| WHAT YOU SHOULD DO |
Retype the listing below line for line, but only from the line with "View from the" down to the line with "1 x A Pair Of", inclusive. Pictures stay out.

| WORKING DATA |
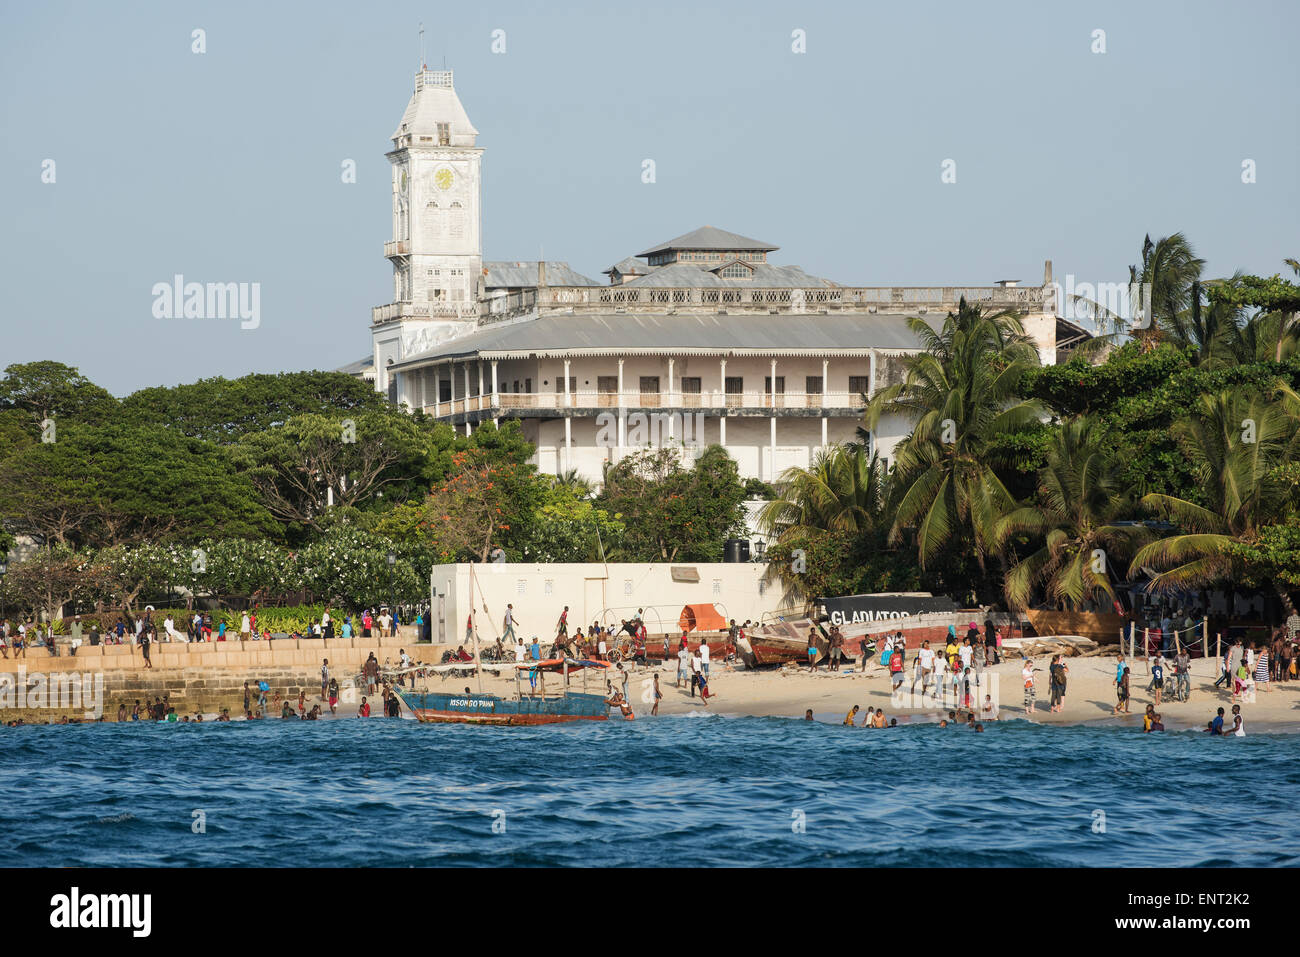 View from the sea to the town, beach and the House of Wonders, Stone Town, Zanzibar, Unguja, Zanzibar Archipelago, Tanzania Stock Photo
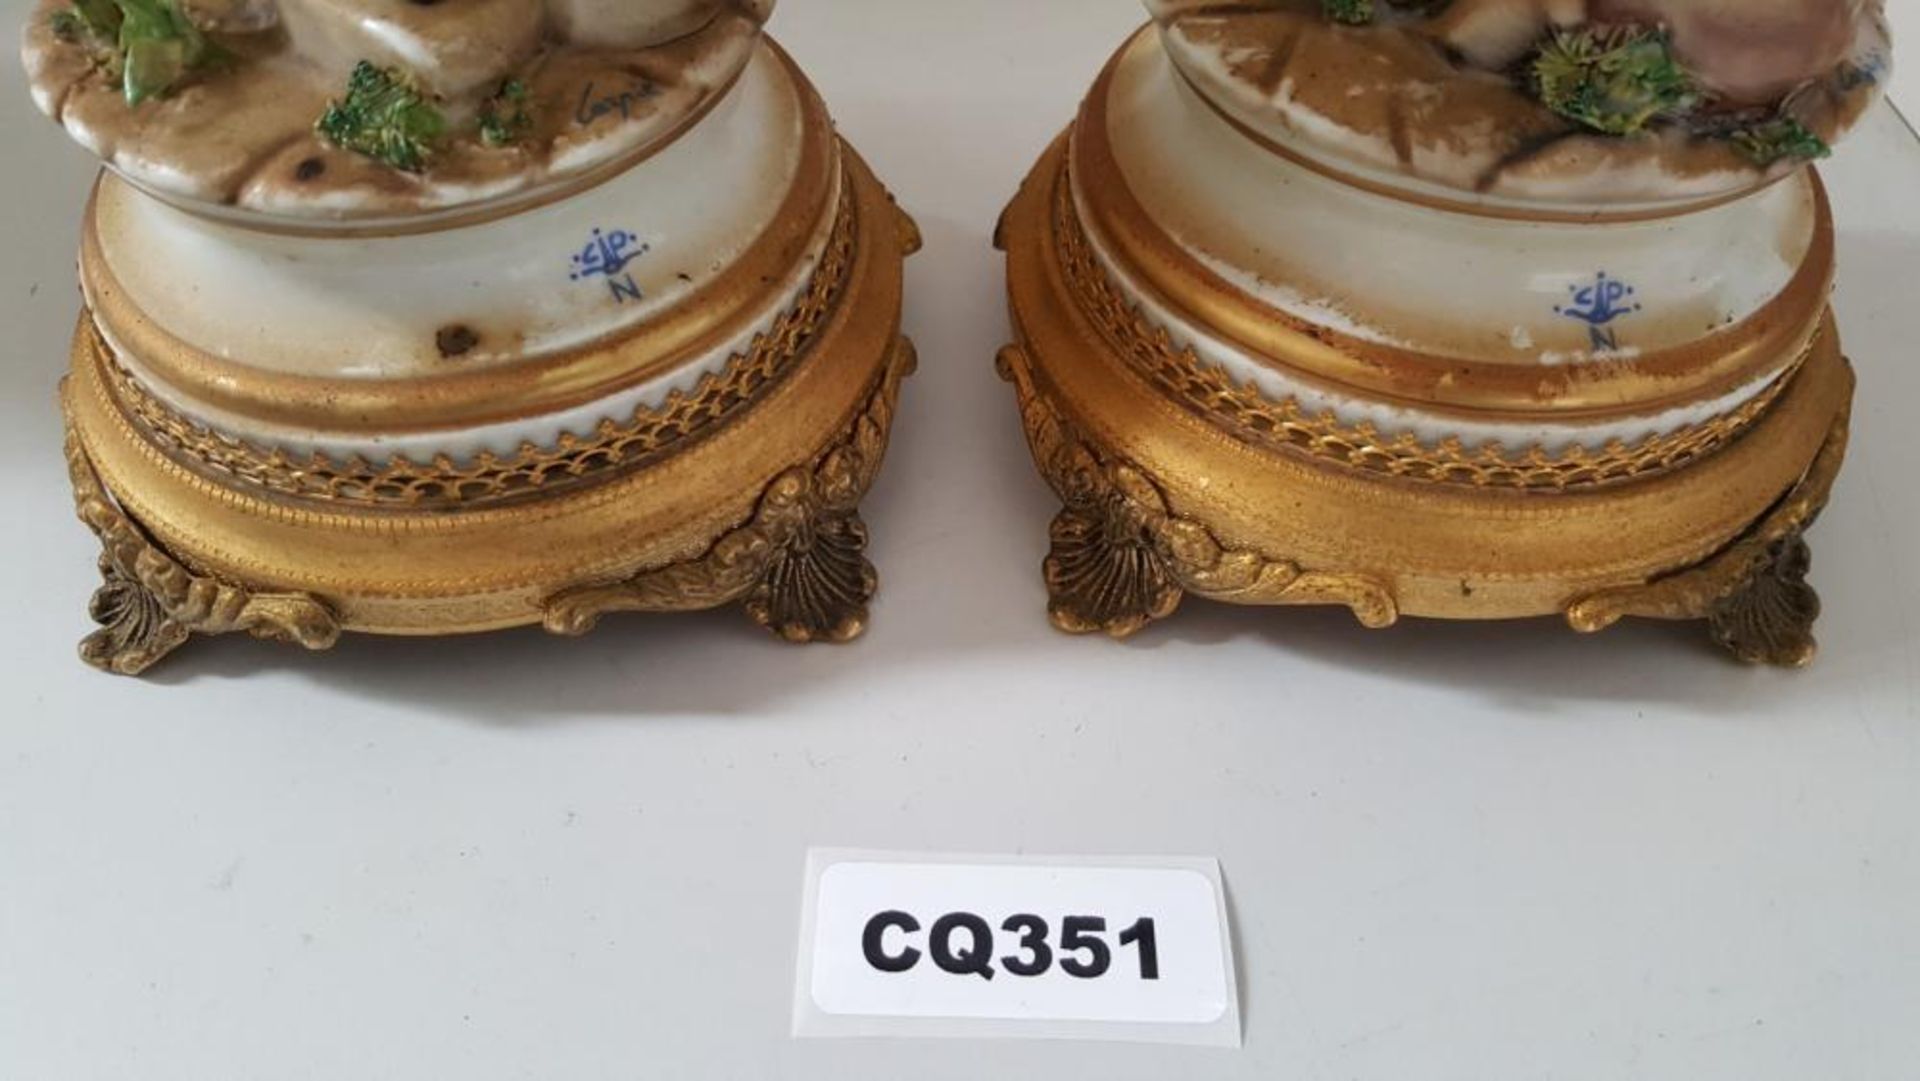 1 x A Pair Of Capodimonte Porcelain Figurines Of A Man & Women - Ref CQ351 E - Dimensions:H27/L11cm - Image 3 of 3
==
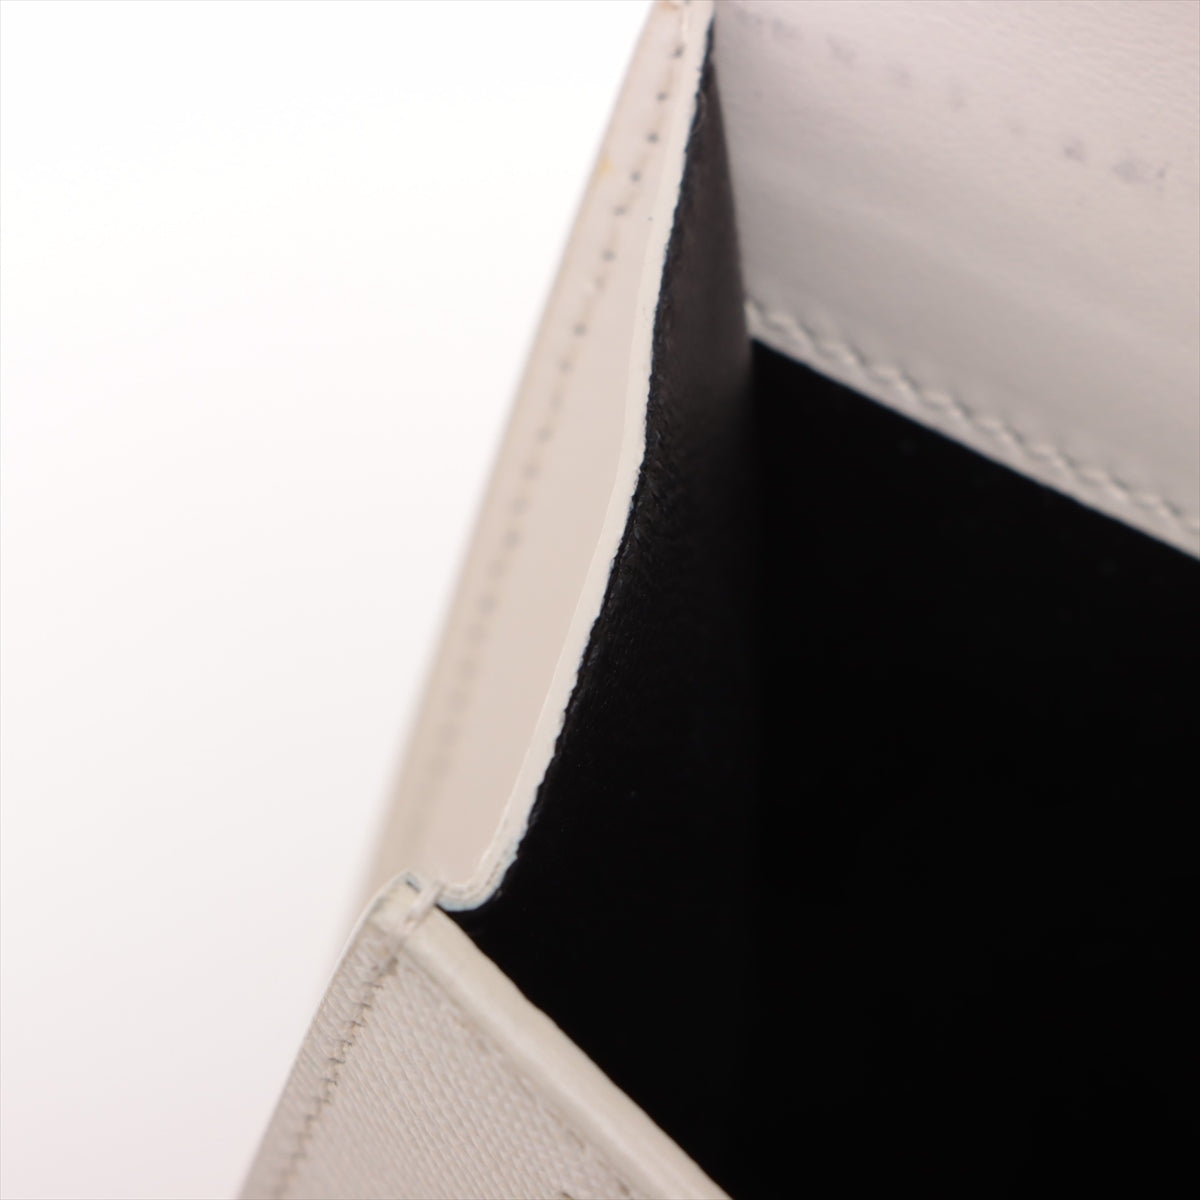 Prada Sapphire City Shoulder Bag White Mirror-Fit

| OUTPUT FOR THIS TASK |
 View from the sea to the town, beach and the House of Wonders, Stone Town, Zanzibar, Unguja, Zanzibar Archipelago, Tanzania Stock Photo
 1 x A Pair Of Capodimonte Porcelain Figurines Of A Man & Women - Ref CQ351 E - Dimensions:H27/L11cm - Image 3 of 3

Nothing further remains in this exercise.